**Dataset content**:
#####

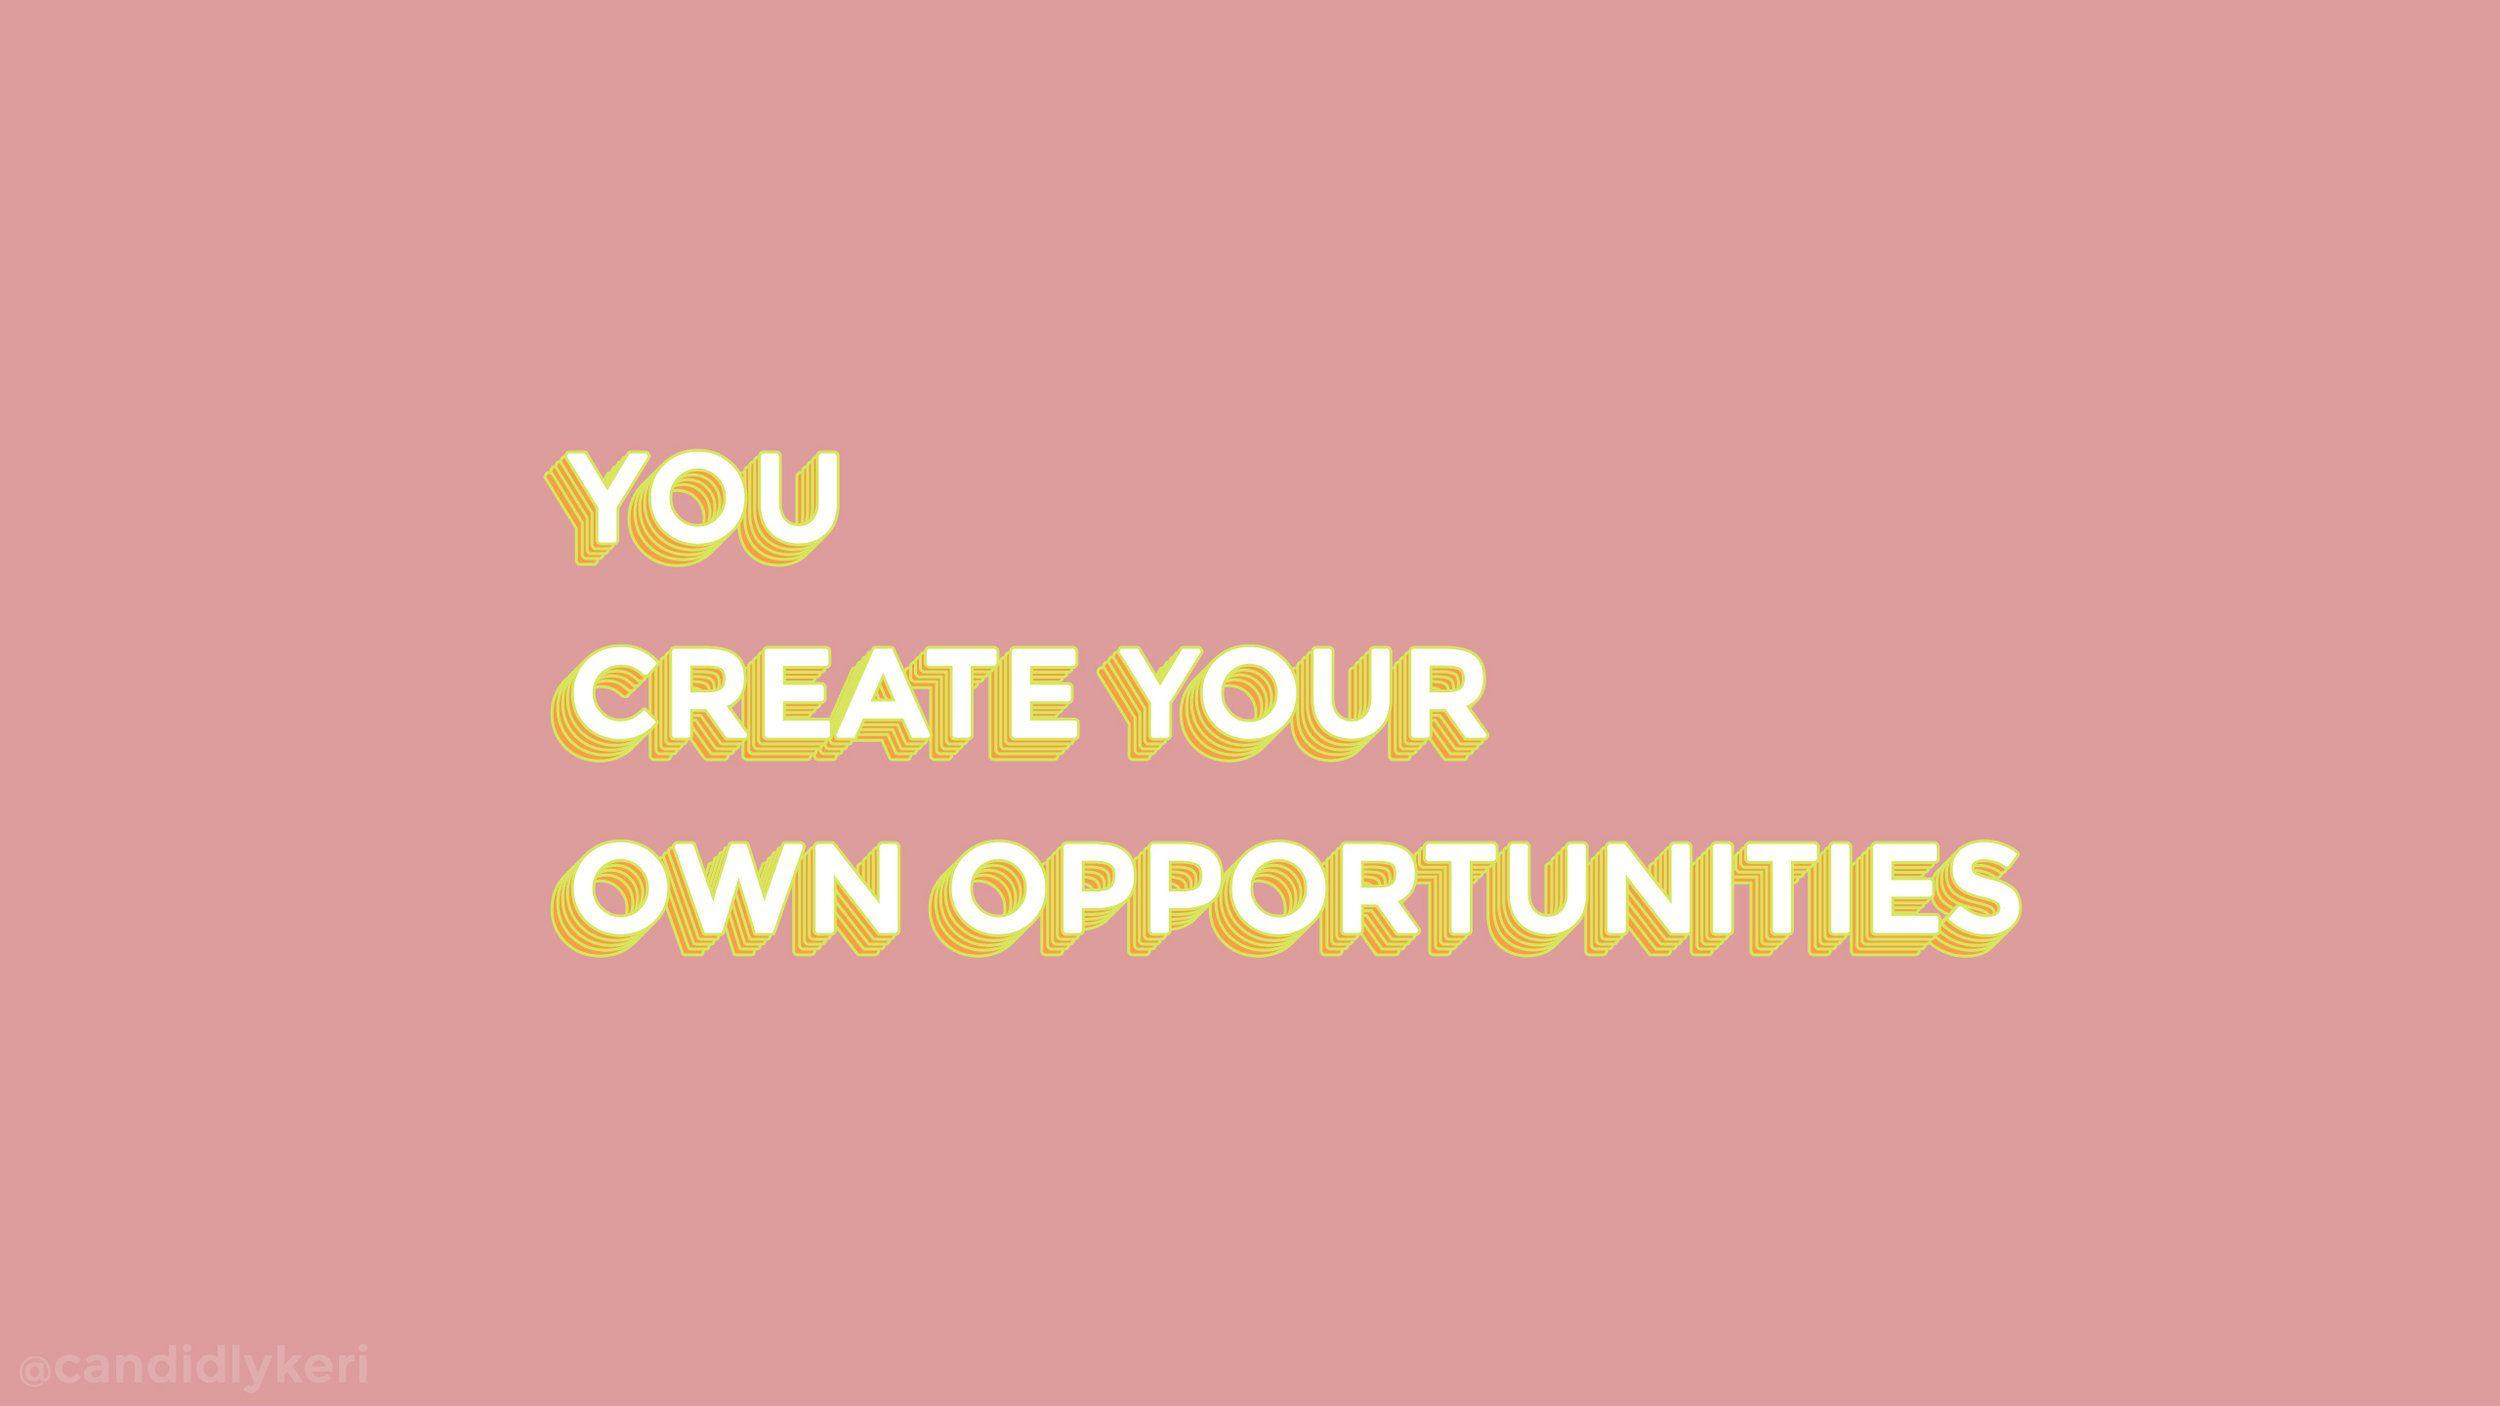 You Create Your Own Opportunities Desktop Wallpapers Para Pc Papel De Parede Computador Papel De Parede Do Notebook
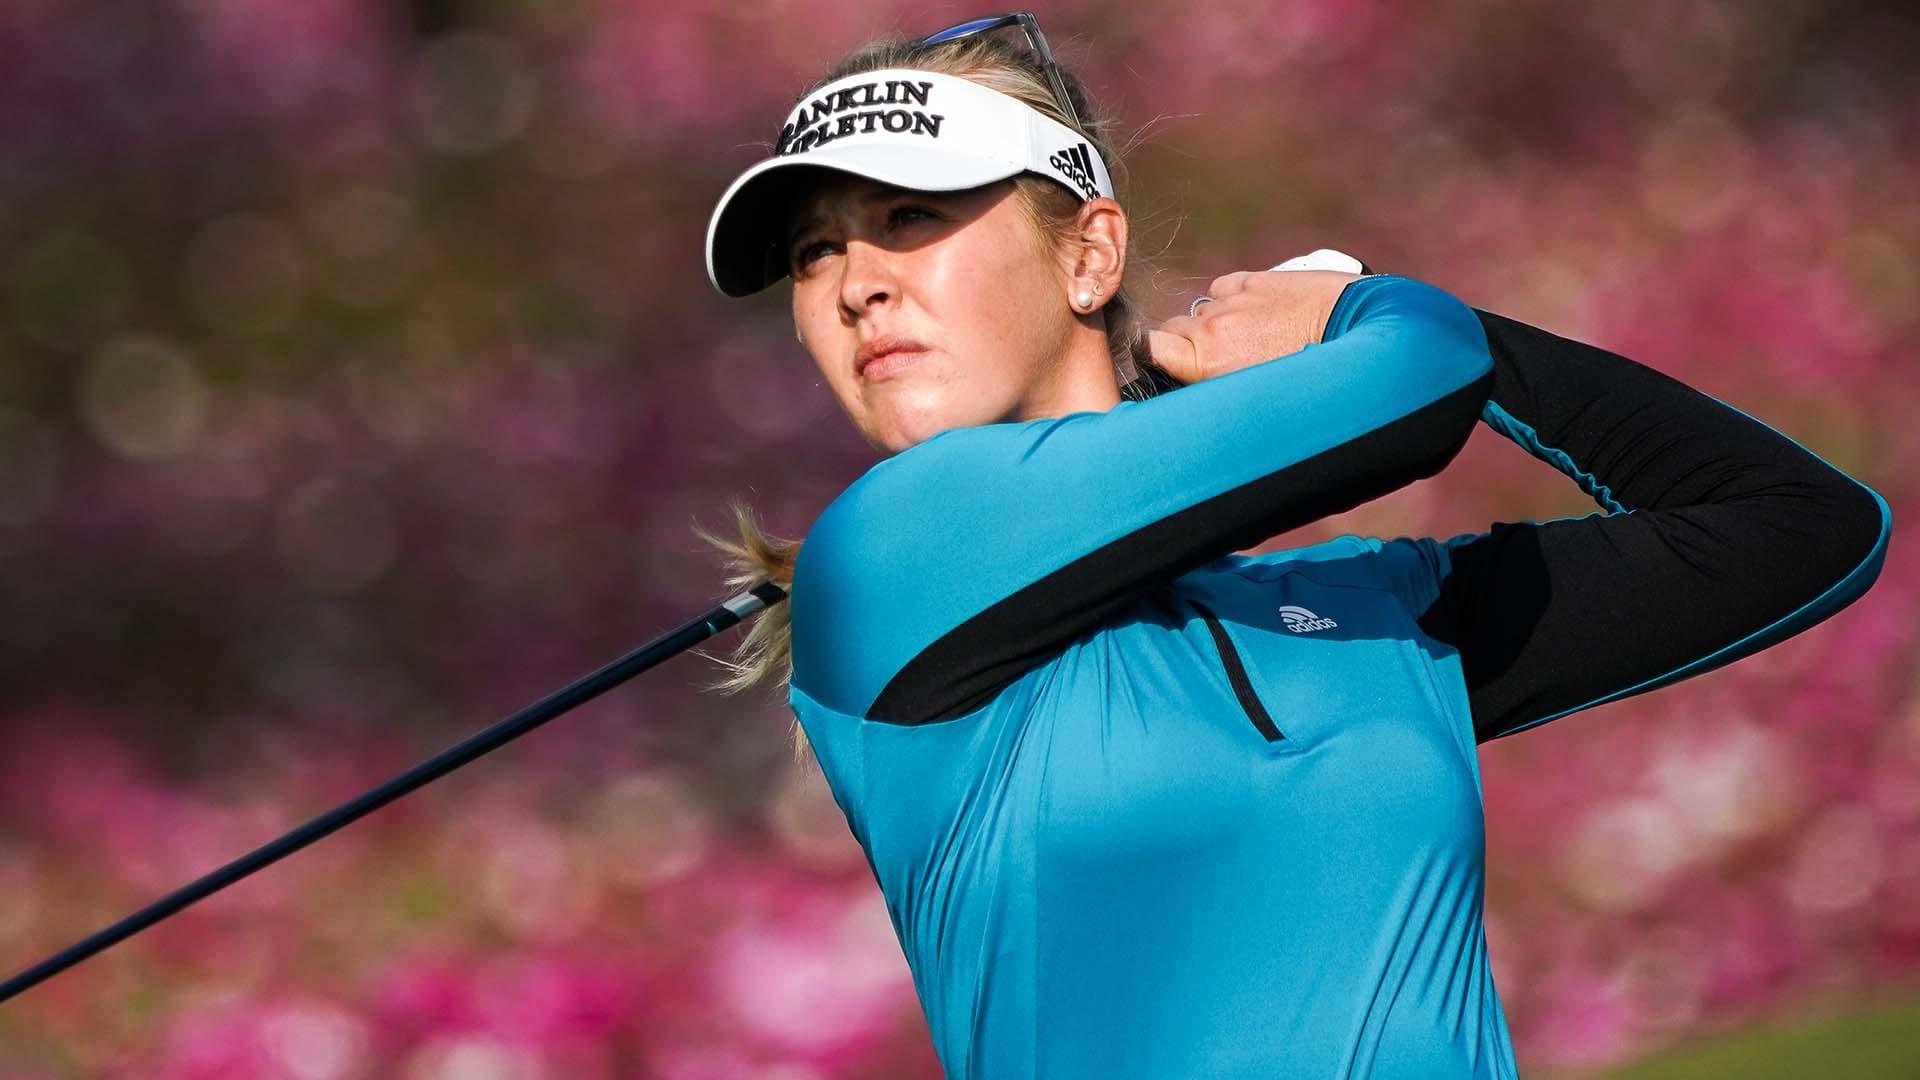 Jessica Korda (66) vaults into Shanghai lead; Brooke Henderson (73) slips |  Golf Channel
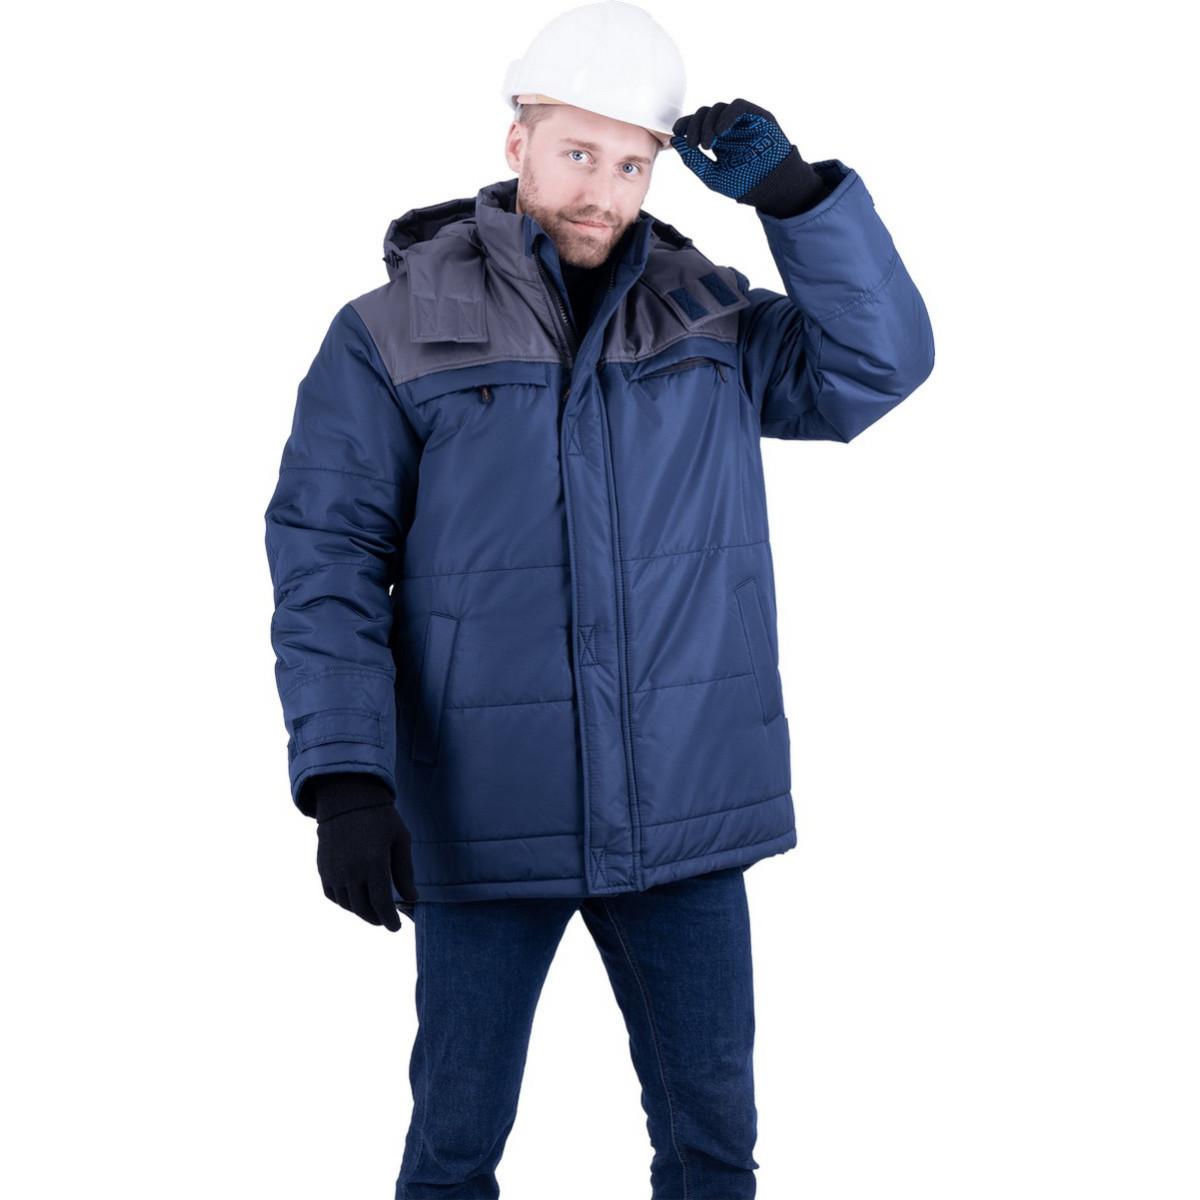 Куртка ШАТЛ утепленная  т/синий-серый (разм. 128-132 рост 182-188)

#####

**What you will do**: Pictures are to be dropped, and the remaining data set down exactly.

**Result below**:
 You Create Your Own Opportunities Desktop Wallpapers Para Pc Papel De Parede Computador Papel De Parede Do Notebook
 Jessica Korda (66) vaults into Shanghai lead; Brooke Henderson (73) slips |  Golf Channel
 Куртка ШАТЛ утепленная  т/синий-серый (разм. 128-132 рост 182-188)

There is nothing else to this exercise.